Although the in vivo studies indicated that HES may inhibit EMT, in vitro experiments were performed to further investigate the effects of HES. Western blot analysis demonstrated that 24-h treatment with TGF-β1 altered the protein expression levels of α-SMA and E-cadherin in NRK-52E cells (Fig. 4A). Quantification of these results (Fig. 4B and C) indicated that TGF-β1 significantly increased the protein expression levels of α-SMA and significantly decreased those of E-cadherin in NRK-52E cells when compared with the control group (P<0.05). These changes were significantly reversed by HES in a dose-dependent manner (P<0.05; Fig. 4B and C). Thus, a greater dose of HES (100 µM) elicited a stronger inhibitory effect on EMT. These results were consistent with the RT-qPCR data (Fig. 4D and E); however, the mRNA expression levels of α-SMA between the 5 ng/ml TGF-β1 + 50 µM HES and 5 ng/ml TGF-β1 + 100 µM HES groups did not differ significantly. Though notably, TGF-β1 significantly increased the mRNA expression levels of α-SMA and significantly decreased those of E-cadherin in NRK-52E cells (P<0.05), and these changes were significantly reversed following HES intervention (P<0.05; Fig. 4D and E).

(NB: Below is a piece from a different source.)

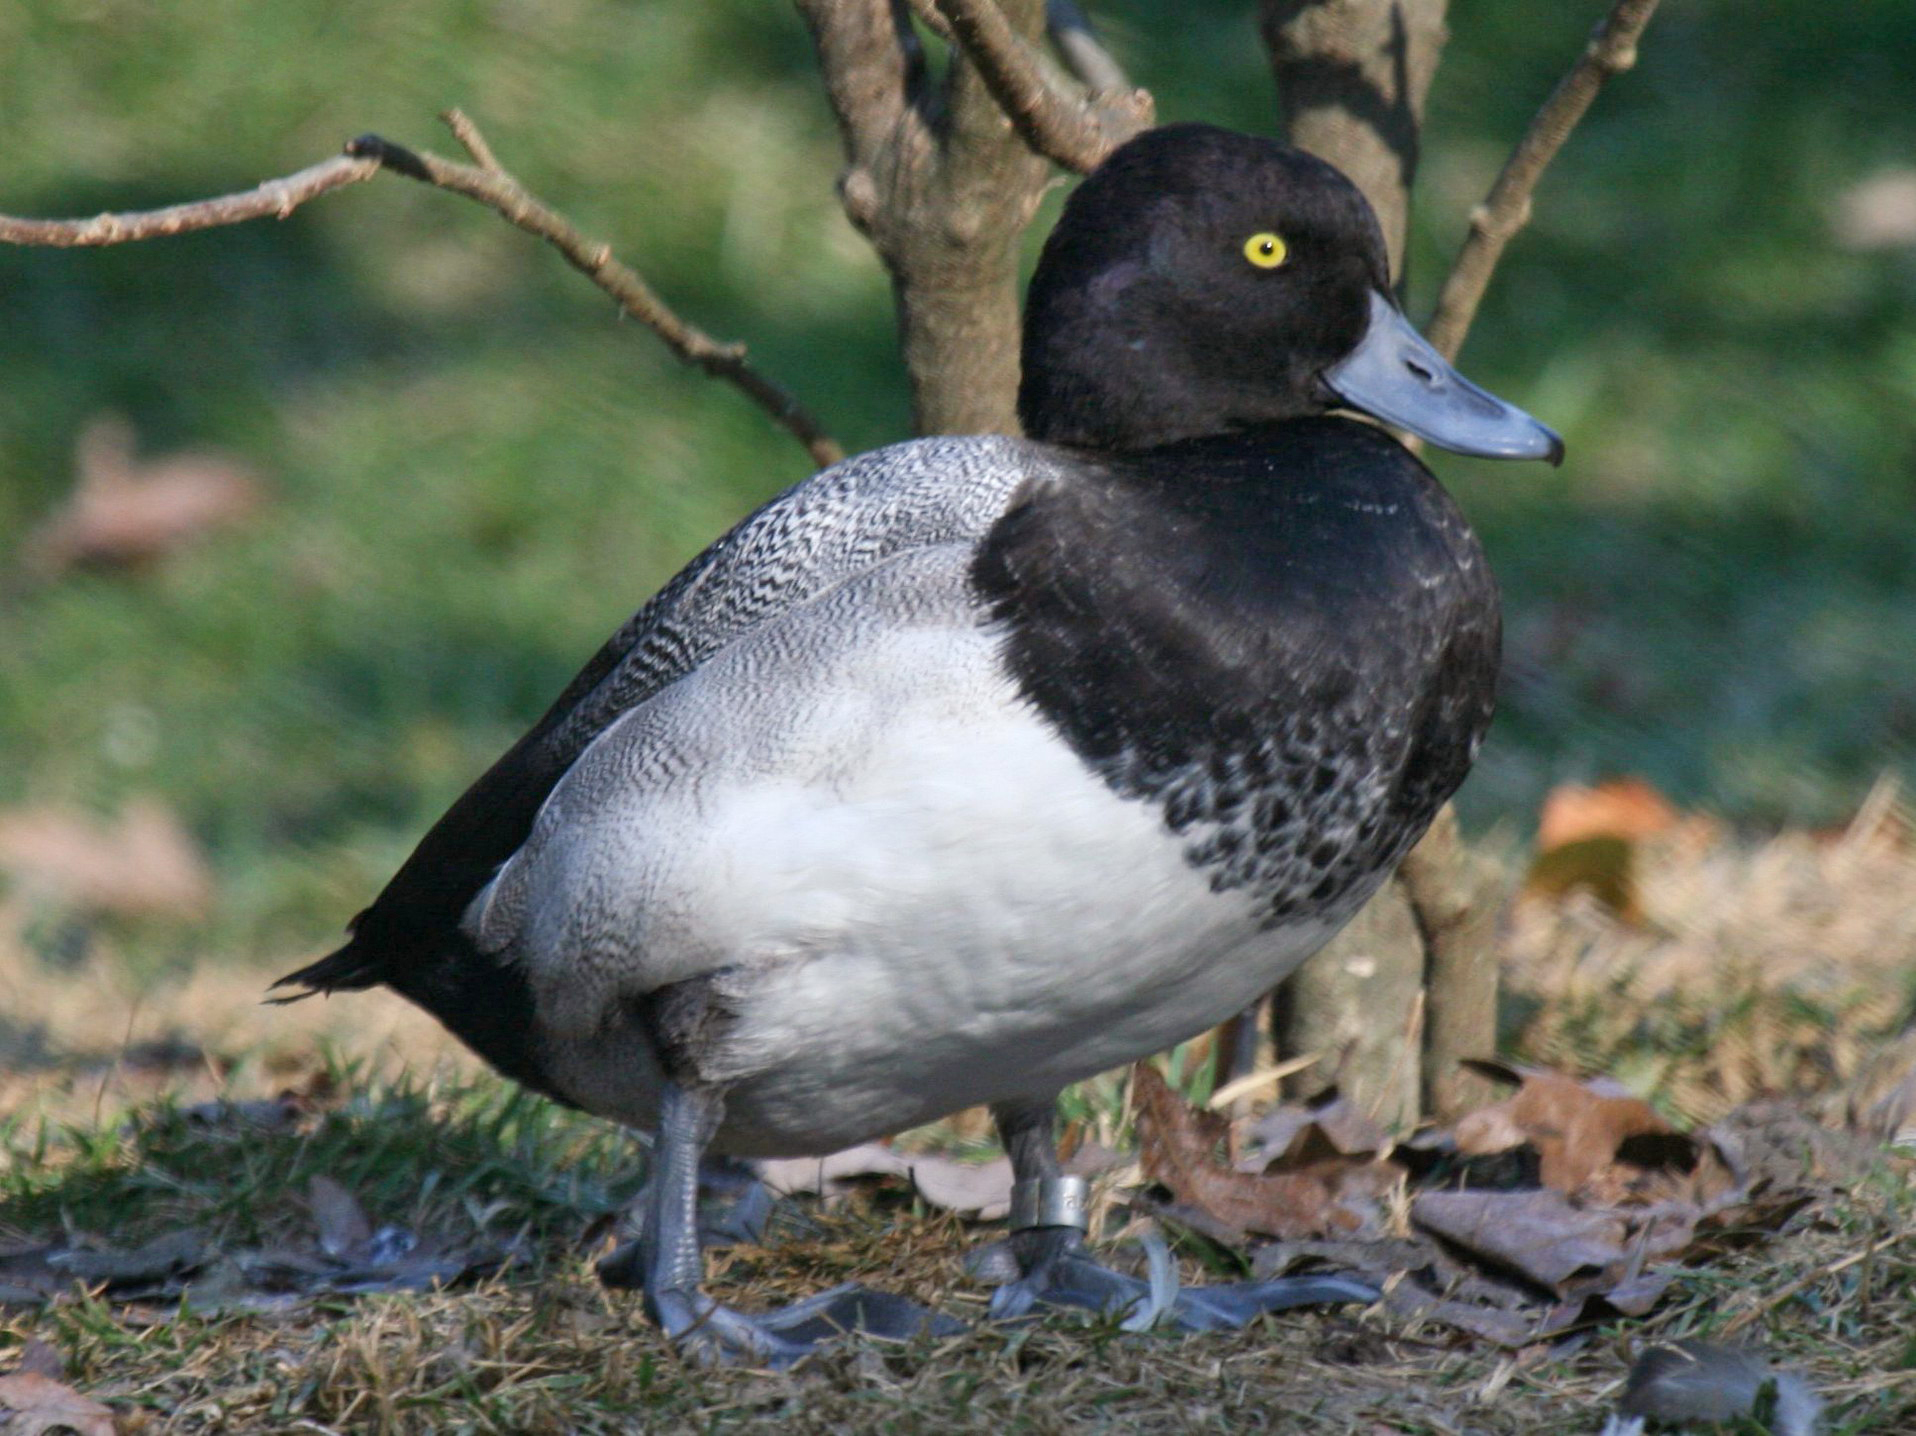 PICTURED: Lesser Scaup (Aythya affinis) at Sylvan Heights Waterfowl Park in Scotland Neck, North Carolina. Lesser Scaup are one of the species to benefit most from these new conservation projects. Photo credit Dick Daniels, CC 3.0.

In vivo experimental results indicated that the mRNA expression levels of Shh and Gli1 were significantly increased in the UUO group when compared with the sham group (P<0.05). These increased levels were significantly reduced by HES treatment (P<0.05; Fig. 5A and B, respectively), thus suggesting that HES inhibited hedgehog signaling in UUO mice.

Consistent with these in vivo data, the results of in vitro experiments indicated that the mRNA expression levels of Shh and Gli1 were upregulated by 24-h treatment with TGF-β1 in NRK-52E cells, and this effect was significantly reversed by HES treatment (P<0.05; Fig. 5C and D). Additionally, the higher dose of HES (100 µM) inhibited hedgehog signaling to a greater extent.